In a case study, Patrick Scissons, chief creative officer at Grey Canada, outlined how creativity in marketing, using editorial voice and storytelling shaped culture in the US around gun violence. In the US, more Americans have been killed within the last year by guns than those in Afghanistan, Scissons said. “The numbers are escalating with greater frequency than ever before,” he said. “And, we’ve become numb to the numbers of gun deaths.”
“There are facts and figures debated on both sides of this topic but unless you’re personally impacted it’s hard to feel like you’re part of the debate and understand the stories behind every fact and figure on this topic. One of the things we looked at was bringing creativity and storytelling to the table to make the numbers matter.”
Partnering with Moms Demand Action, Grey Canada started a campaign to raise awareness, starting dialogue and conversation around gun violence.
“We knew that we needed to approach it from a rational manner,” Scissons said. “We ultimately posed a question – does it make sense?”
The campaign featured a photo of two children. One of the children holds a gun. The other holds a book. “The message reads, ‘One child is holding something that’s been banned in America to protect them,’” Scissons said. “We keep Little Red Riding Hood out of schools because of the bottle of wine in her basket.”
As a blend of advertising and storytelling, it was the first time anyone has taken a fact and put a creative layer on it, Sisson said. It paid off. The campaign took off, garnering 243m views.

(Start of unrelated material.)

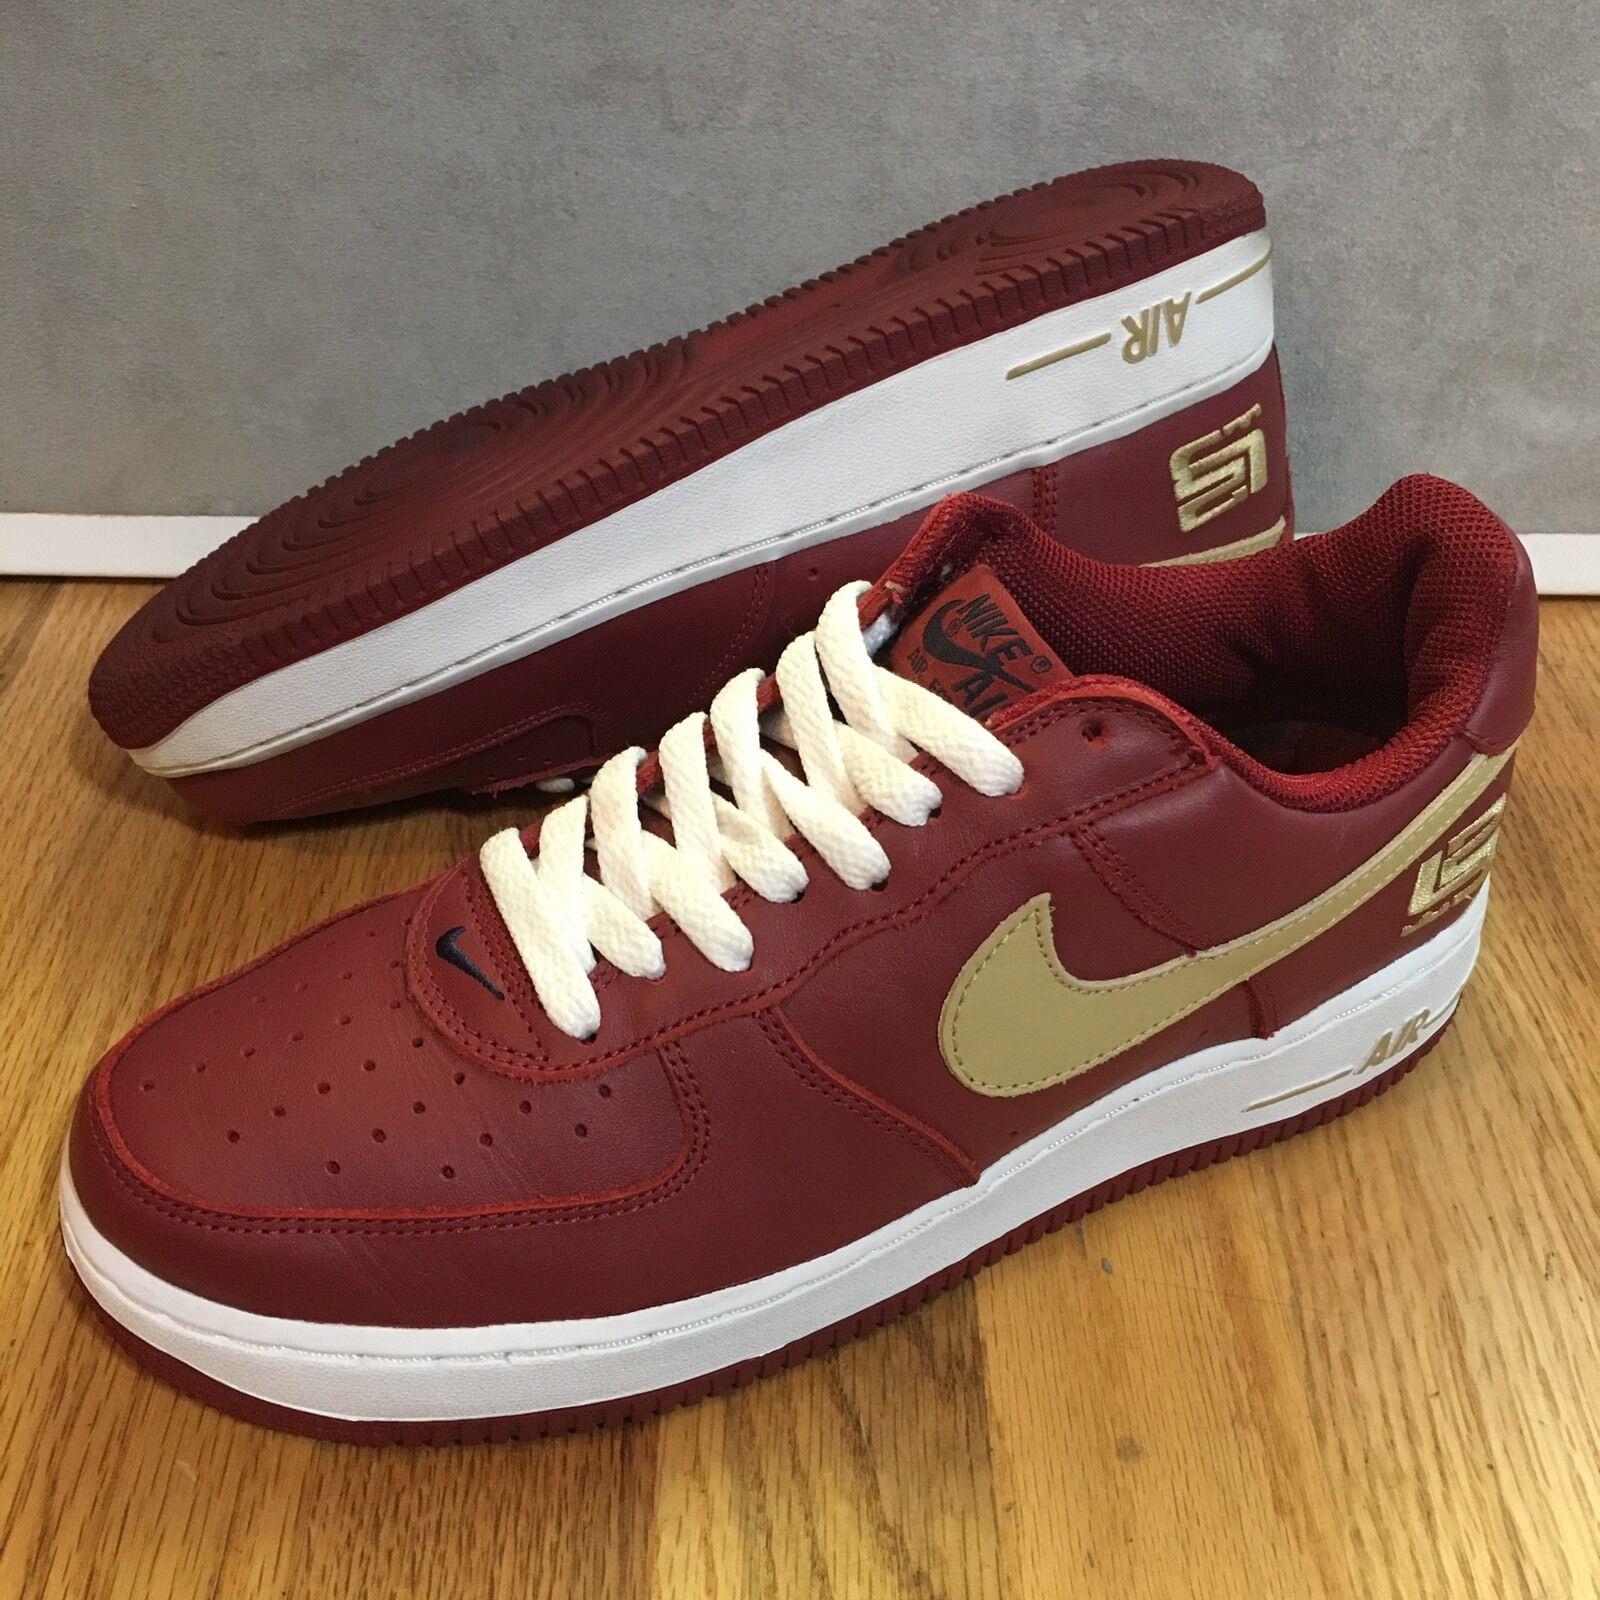 2003 Nike Air Force 1 Low Lebron James Varsity Crimson Gold Men's Shoes Size 8.5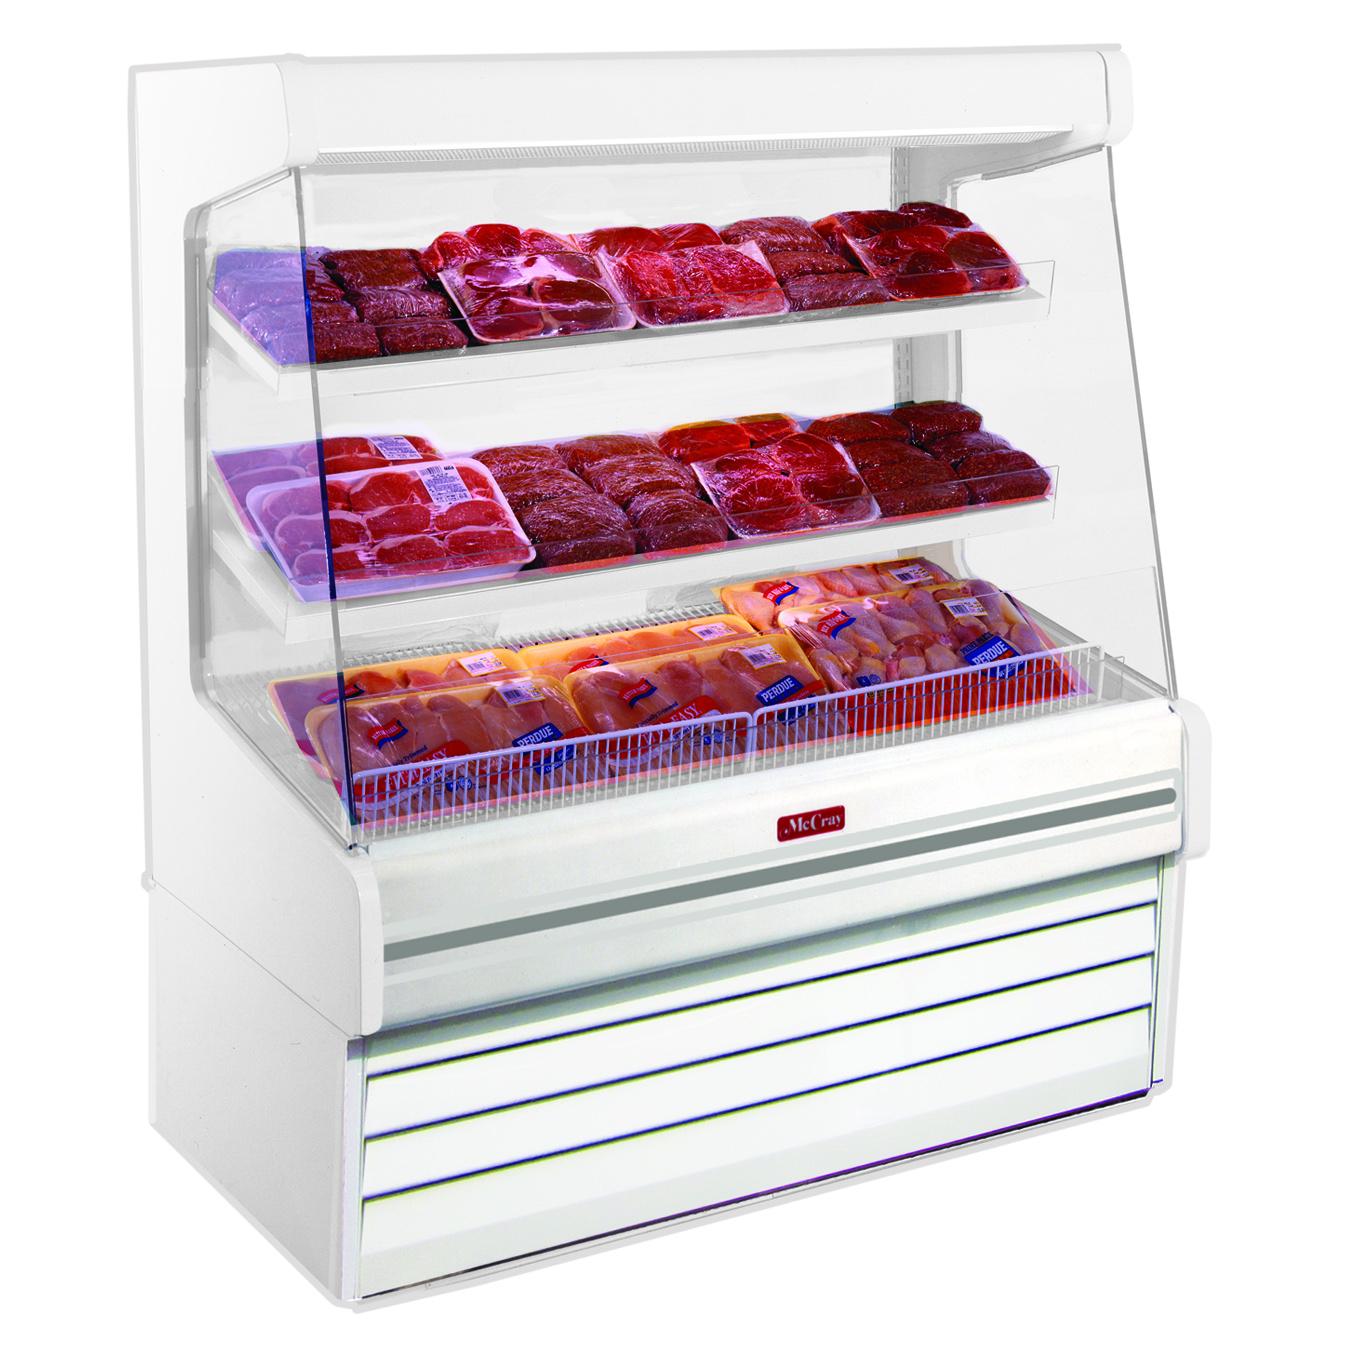 Howard-McCray SC-OP30E-8L-S-LED display case, produce

The campaign started a discussion, and a perspective shift that was needed, he said.
Another campaign told stories behind guns, in a pop-up gun shop in New York. “It was one of the most powerful advocacy videos,” he said. “It had 12m views in one week, it was seen in 179 countries.”
“What we started to see, when we approached these, the line between editorial and commercial content, the lines are becoming blurred,” Scissons said. “We didn’t start with these ambitious projects, it started from conversations.”
The campaigns helped put pressure on corporations to change their policies, like not allowing guns in Starbucks. An eye-catching campaign put one of the nation’s largest grocery stores on the stage, and other companies changed their policies, unprompted.
“The pressure on one, we were starting to see across the board,” Scissons said. “Consumer buying power – whether it’s coffee, or groceries – the thought is, if we’re going to be engaging with you, you have a responsibility to look after our welfare.”
These campaigns demonstrated the power of creativity and storytelling to battle gun violence in America. Culture can have a major impact on corporations. “We saw brands, agencies and corporations working together, the impacts you can have are amazing,” Dembitz said.